1. Field of the Invention
The present invention relates to an optical component and a manufacturing method thereof.
2. Description of the Related Art
Substrates made of resin have come to be used more commonly in recent years to manufacture optical systems inexpensively and in large quantities. A substrate made of resin is less hard as compared to a substrate made of glass. Furthermore, an optical thin film such as an antireflective film formed on the resin substrate or a low-pass filter gets easily scratched. Therefore, it is necessary to improve a scratch resistance and a hardness of the optical thin film.
An optical member is proposed in Japanese Patent Application Laid-open No. 2009-199022 with a view to providing a solution to the above-described problem. The optical member is provided with a thin film of a low refractive index layer made of a film coating material made of SiO2 and Al2O3, that has an improved film density and excellent scratch resistance, without a hard coat layer that is normally used in a spectacle lens. To improve the film density, an ion assisted deposition method is used for forming the low refractive index layer.
An optical component according to an aspect of the present invention includes a multilayered optical thin film formed on a substrate. A critical load value of the optical thin film that includes at least one layer that is formed by a vacuum deposition method is greater than or equal to 30 mN. The critical load value is a value evaluated by a measurement method complying with JIS R3255 “Testing methods for adhesion of thin films on a glass substrate”.
A method of manufacturing an optical component according to another aspect of the present invention includes forming an optical thin film on a substrate. A critical load value of the optical thin film that includes at least one layer that is formed by a vacuum deposition method, is greater than or equal to 30 mN. The critical load value being a value evaluated by a measurement method complying with JIS R3255 “Testing methods for adhesion of thin films on a glass substrate”.
The above and other objects, features, advantages and technical and industrial significance of this invention will be better understood by reading the following detailed description of presently preferred embodiments of the invention, when considered in connection with the accompanying drawings.
Exemplary embodiments of an optical component and a manufacturing method thereof according to the present invention are explained below in detail with reference to the accompanying drawings. However, the present invention is not limited to the embodiments described below.
The optical component according to the present invention includes a multilayered optical thin film on a substrate. An antireflective film is explained as an example of the optical thin film. In the antireflective film formed of multiple layers, at least one layer is formed by a vacuum deposition method and a critical load value of this layer of the antireflective film is greater than or equal to 30 mN.
The value of the critical load is evaluated by a measurement method complying with JIS R3255 “Test methods for adhesion of thin films on a glass substrate”.
A structure of the antireflective film of the optical component according to Example 1 is given in Table 2. The antireflective film is formed of alternating Ta2O5 and SiO2 layers arranged in that order from a substrate side.
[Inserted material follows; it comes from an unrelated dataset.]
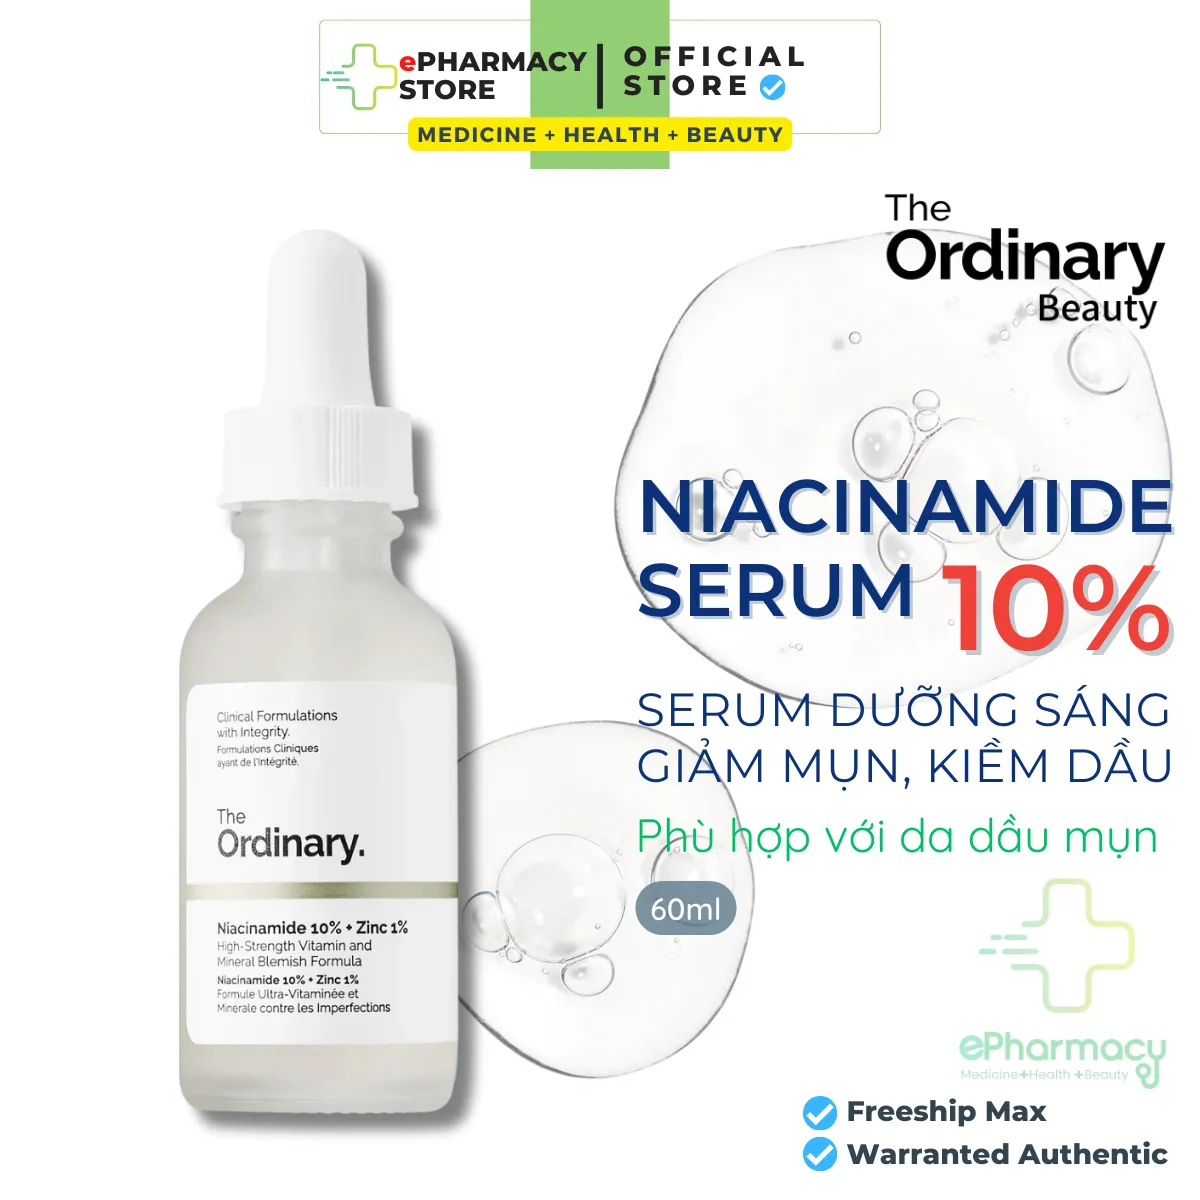 Serum Niacinamide 10% + Zinc 1% The Ordinary - Tinh Chất The Ordinary kiềm dầu giảm mụn giảm thâm 60ml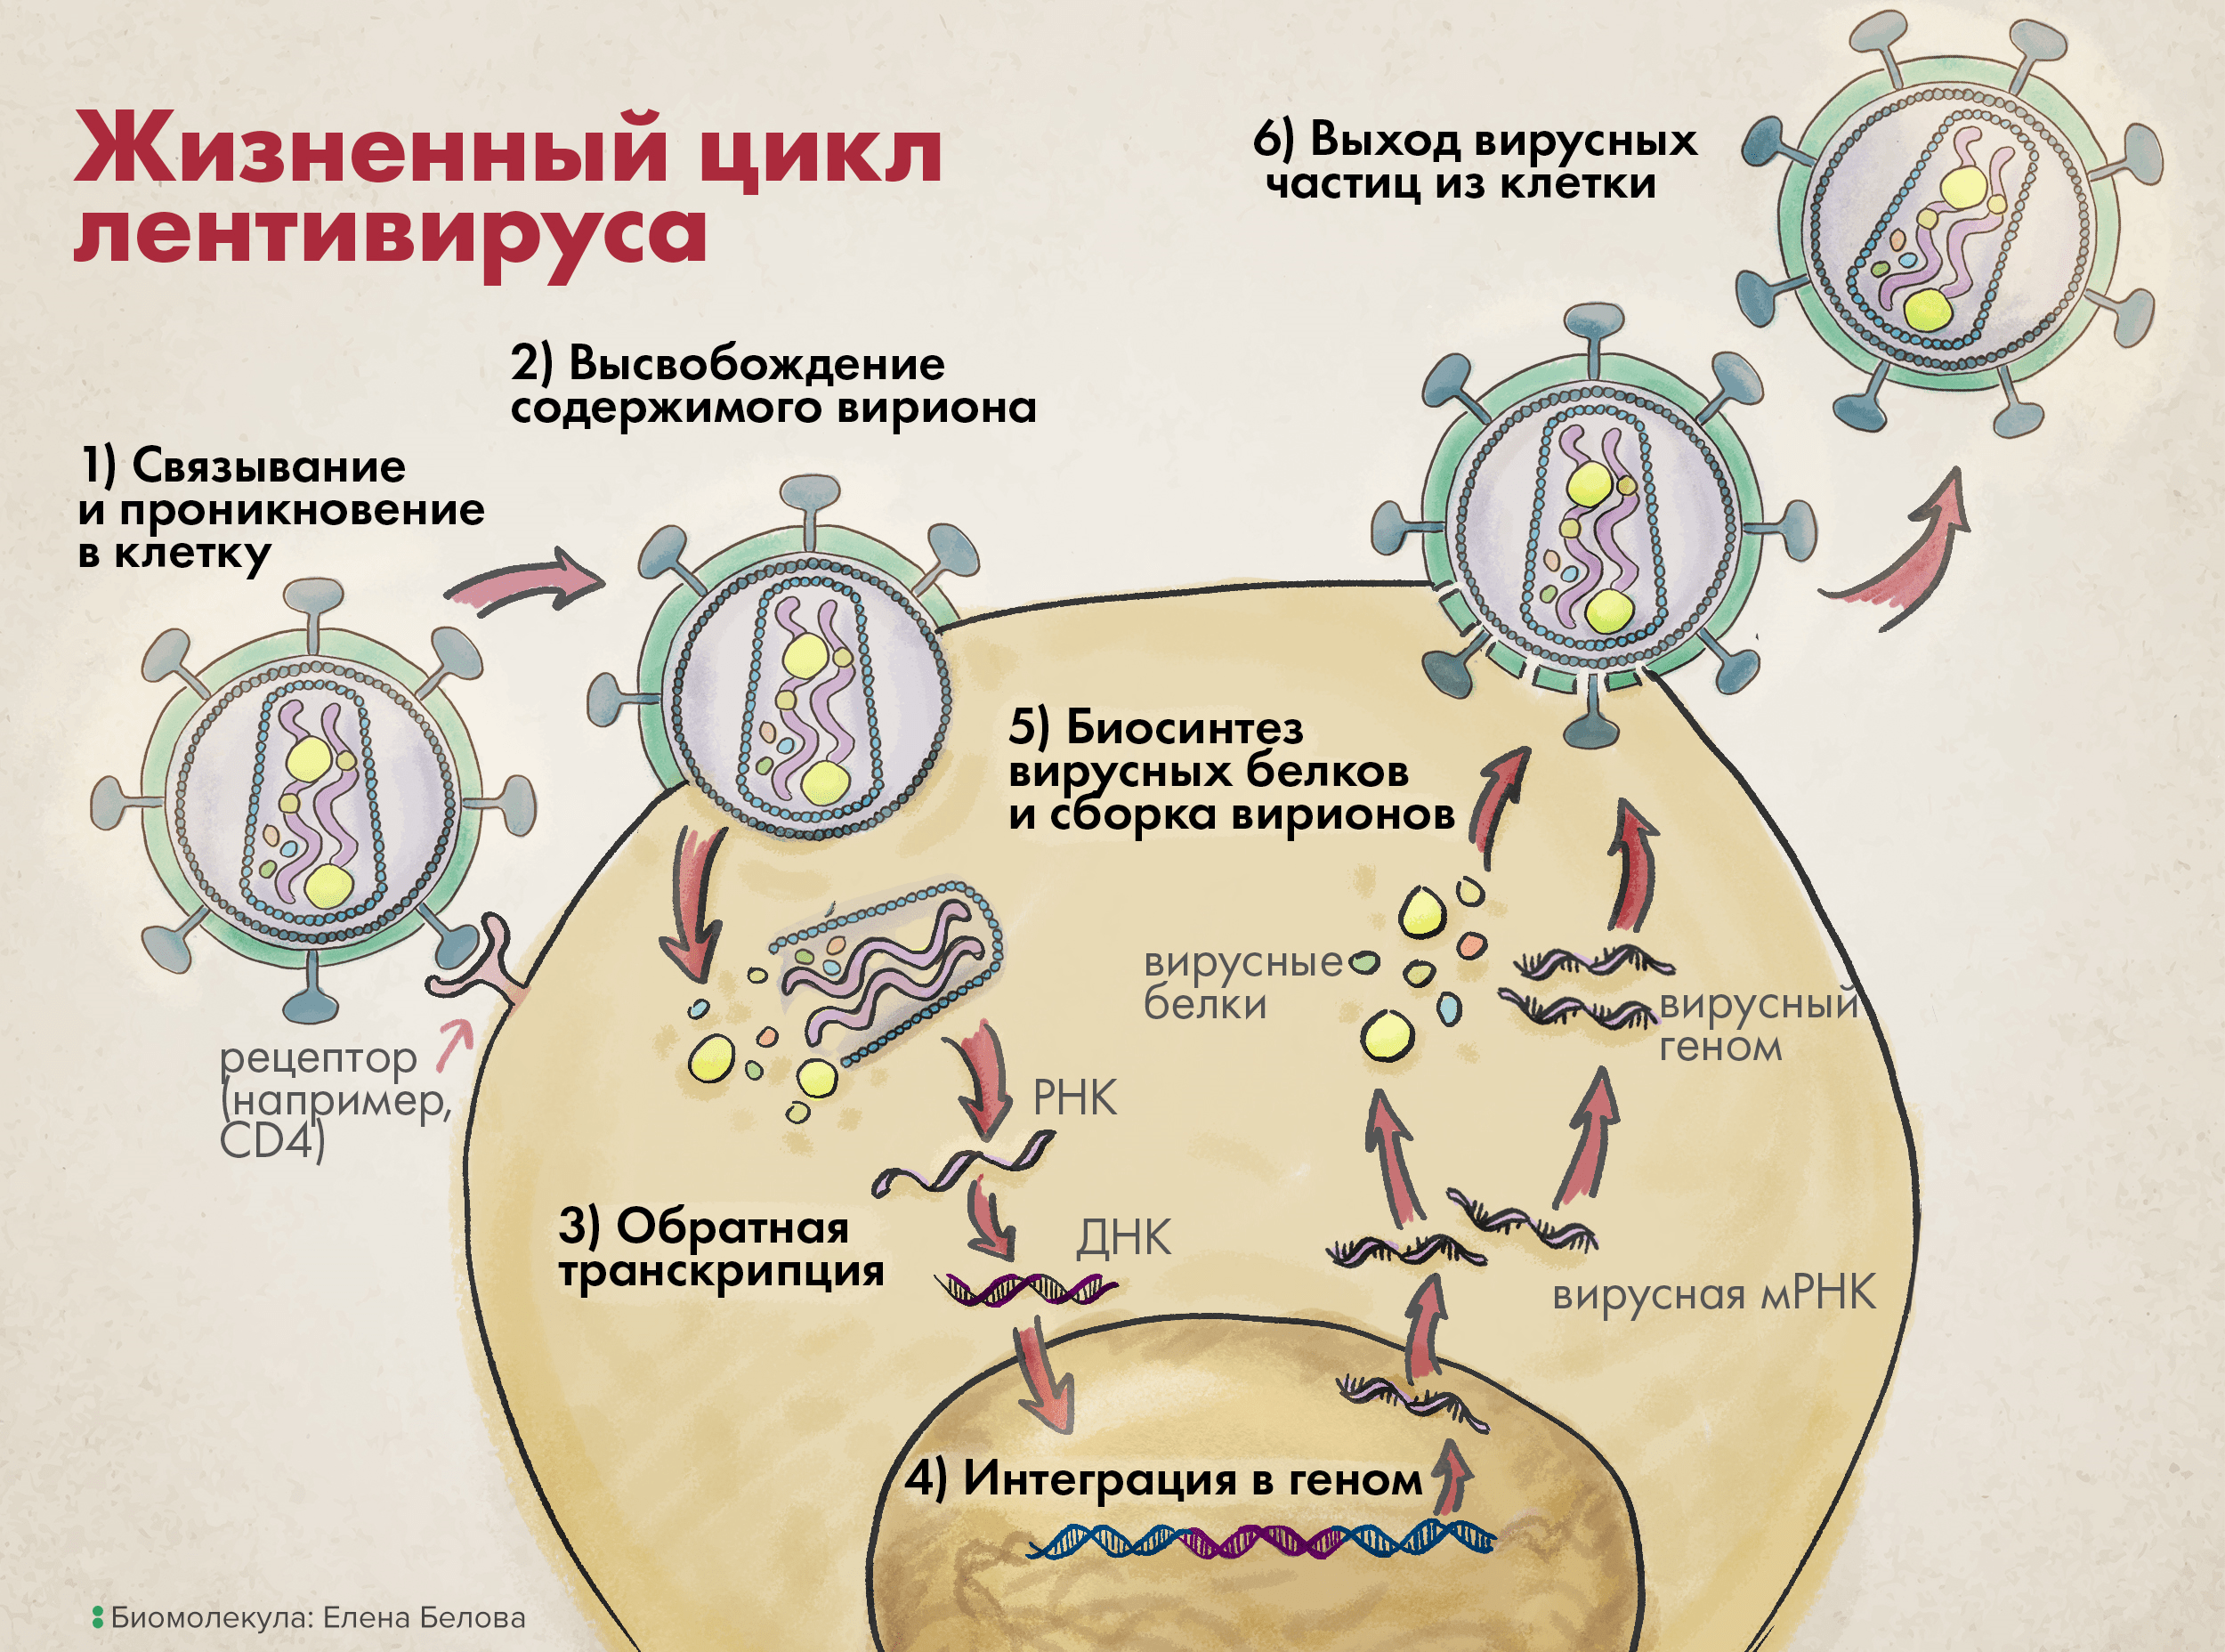 Жизненный цикл лентивируса

The antireflective film that serves as the optical thin film of multiple layers of a low refractive index material SiO2 and a high refractive index material Ta2O5 is formed on a surface of a resin substrate. The antireflective film has a four-layer structure with alternating Ta2O5 and SiO2 layers, the first layer on the substrate side being that of Ta2O5. The substrate is made of resin of polycarbonate series. A plasma gun is used to perform plasma irradiation during the deposition of the Ta2O5 and SiO2 layers of the antireflective film using a plasma assisted deposition method.
The low refractive index material SiO2 used in the present Example can be of any shape. It can be granular, sintered pellets, or molten ring. A mixture with Al2O3 can also be used as long as the main component is SiO2.
TiO2 or Nb2O5 can be used in place of Ta2O5 as a high refractive index material. Similar to the low refractive index material, the high refractive index material also can be of any shape.
The substrate has a dimension of 30 millimeter (mm)×30 mm×1.5 mm. The dimension of the substrate is the same in all the Examples described below.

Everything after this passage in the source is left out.